Please read Genesis 15:4-6.

Abram’s doubts didn’t cause him to run away from God, they caused him to run toward God. Abram continued to listen to God, and “the word of the Lord came to him.”

Sometimes, when we doubt, we feel like God is distant. Yet, if we continue to pursue God, eventually we will see Him.

God promised Israel, while they were suffering in exile, while they were in one of the worst situations of their lives, “You will seek me and find me, when you seek me with all your heart. I will be found by you, declares the Lord, and I will restore your fortunes and gather you from all the nations and all the places where I have driven you, declares the Lord, and I will bring you back to the place from which I sent you into exile” (Jeremiah 29:13-14).

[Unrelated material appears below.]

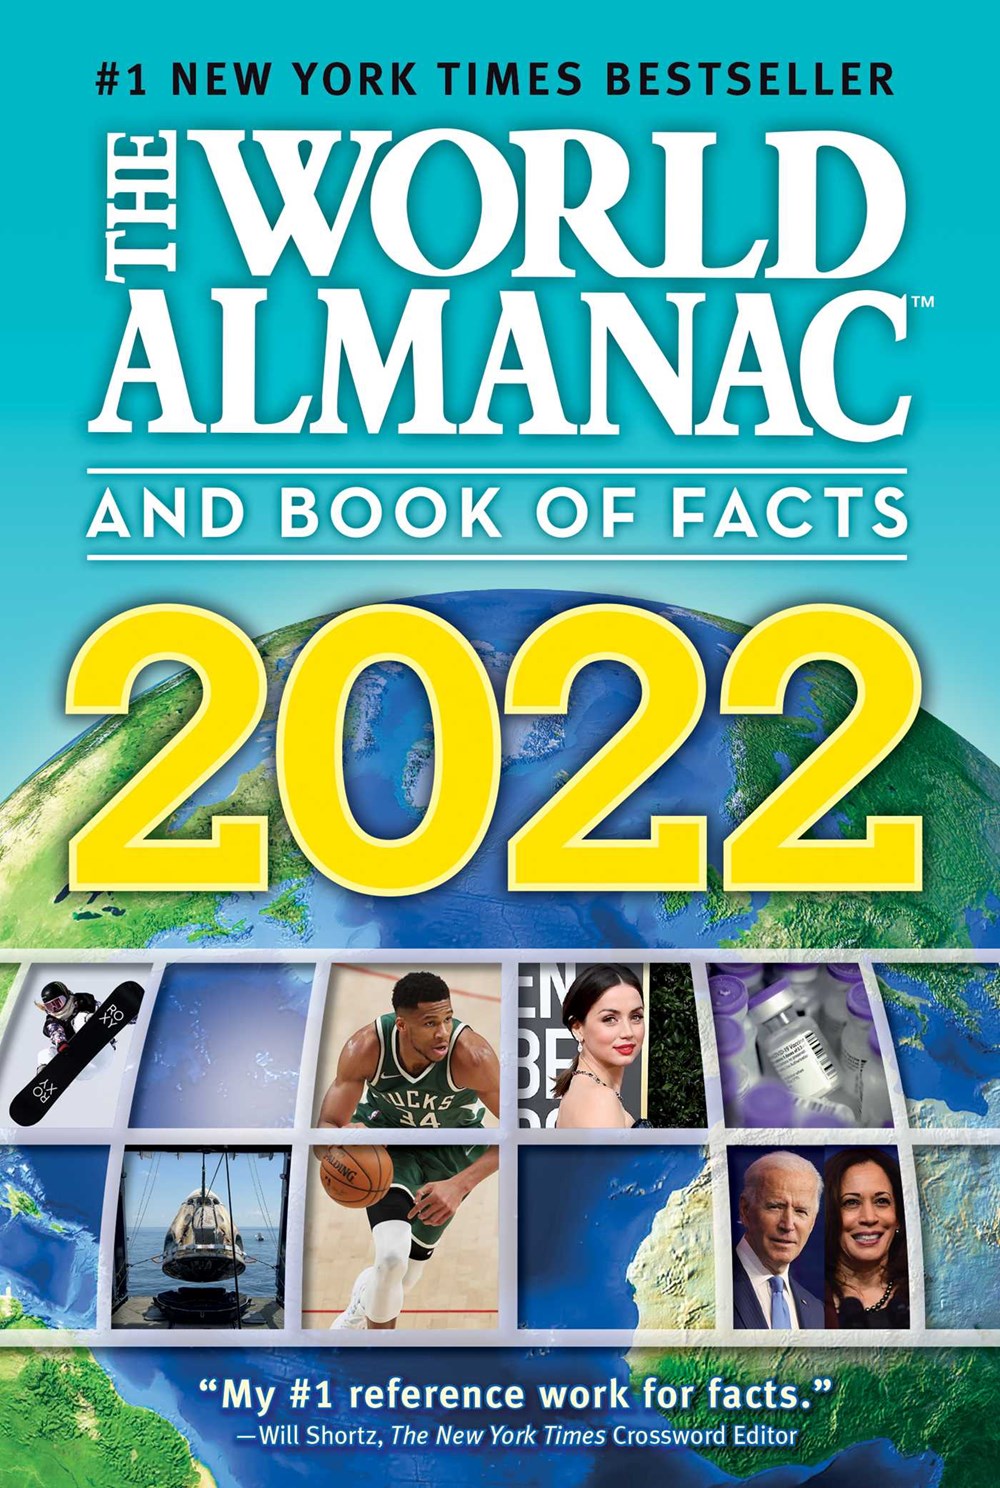 The World Almanac and Book of Facts 2022 by Sarah Janssen Firestorm Books

When Abram continued to pursue after God, even though he doubted, God spoke to Abram; God renewed His promise to Abram. And Abram believed the Lord. This faith was counted to Abram’s account as righteousness. Sure he had his doubts, but he let his doubts lead him into a deeper relationship with the Lord. Only then could he possess saving faith.

Let me encourage you who have doubts to follow Abram’s example. We might not always understand God’s ways. We might question Him, His Word, His Church, or His plan. But don’t let that doubt lead you away from God; let your doubt draw you closer to Him.